Lab 11 - Assign Azure resource roles in Privileged Identity Management
Login type = Azure Resource login
Note - This lab requires an Azure Pass. Please see lab 00 for directions.
Lab scenario
Microsoft Entra Privileged Identity Management (PIM) can manage the built-in Azure resource roles, as well as custom roles, including (but not limited to):
- Owner
- User Access Administrator
- Contributor
- Security Admin
- Security Manager
You need to make a user eligible for an Azure resource role.
Estimated time: 10 minutes
Exercise 1 - PIM with Azure resources
Task 1 - Assign Azure resource roles
-
Sign in to https://entra.microsoft.com using a Global Administrator account.
-
Search for and then select Privileged Identity Management.
-
In the Privileged Identity Management page, in the left navigation, select Azure resources.
-
In the Subscriptions dropdown choose the MOC Subscription##### item. Then at bottom of the screen, select Manage resources.
-
In the Azure resources – Discovery page, select your subscription.
-
In the Overview page, review the information.
-
In the left navigation menu, under Manage, select Roles to see the list of roles for Azure resources.
-
On the top menu, select + Add assignments.
-
In the Add assignments page, select the Select role menu and then select API Management Service Contributor.
-
Under Select member(s), select No member selected.
-
In the Select a member or group, search for your admin roles User1-######@LODSPRODMCA.onmicrosoft.com from your organization that will be assigned the role. Then chose Select.
-
Select Next.
-
On the Settings tab, under Assignment type, select Eligible.
-
Eligible assignments require the member of the role to perform an action to use the role. Actions might include performing a multi-factor authentication (MFA) check, providing a business justification, or requesting approval from designated approvers.
-
Active assignments do not require the member to perform any action to use the role.
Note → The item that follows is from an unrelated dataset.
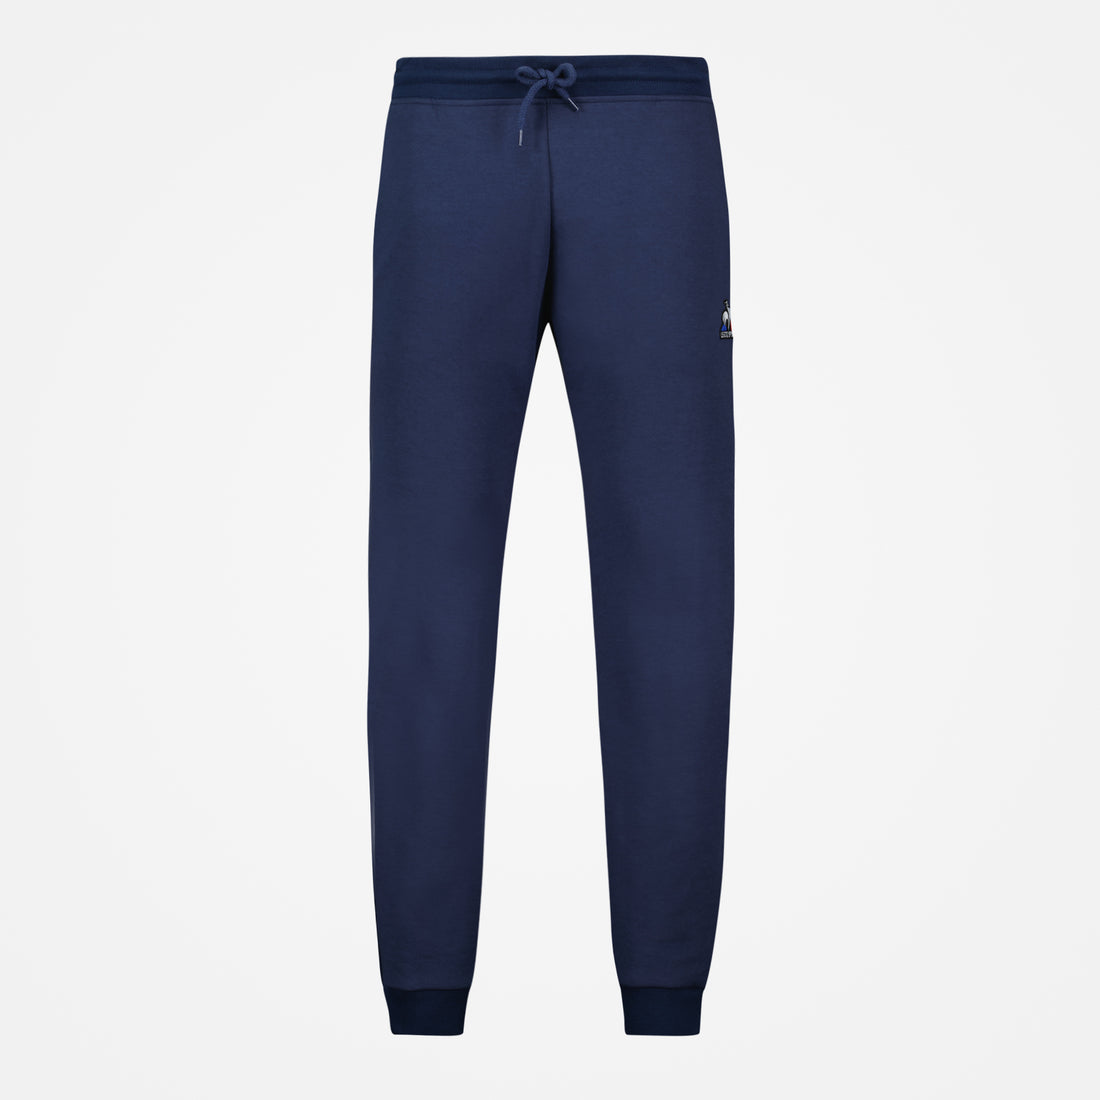 2310500-ESS Pant Slim N°1 M dress blues  | Trousers Slim for men

Members assigned as active have the privileges always assigned to the role.
-
Specify an assignment duration by changing the start and end dates and times.
-
When finished, select Assign.
-
After the new role assignment is created, a status notification is displayed.
Task 2 - Update or remove an existing resource role assignment
Follow these steps to update or remove an existing role assignment.
-
Open Microsoft Entra Privileged Identity Management.
-
Select Azure resources.
-
Select the subscription you want to manage to open its overview page.
-
Under Manage, select Assignments.
-
On the Eligible assignments tab, in the Action column, review the available options.
-
Select Remove.
-
In the Remove dialog box, review the information and then select Yes.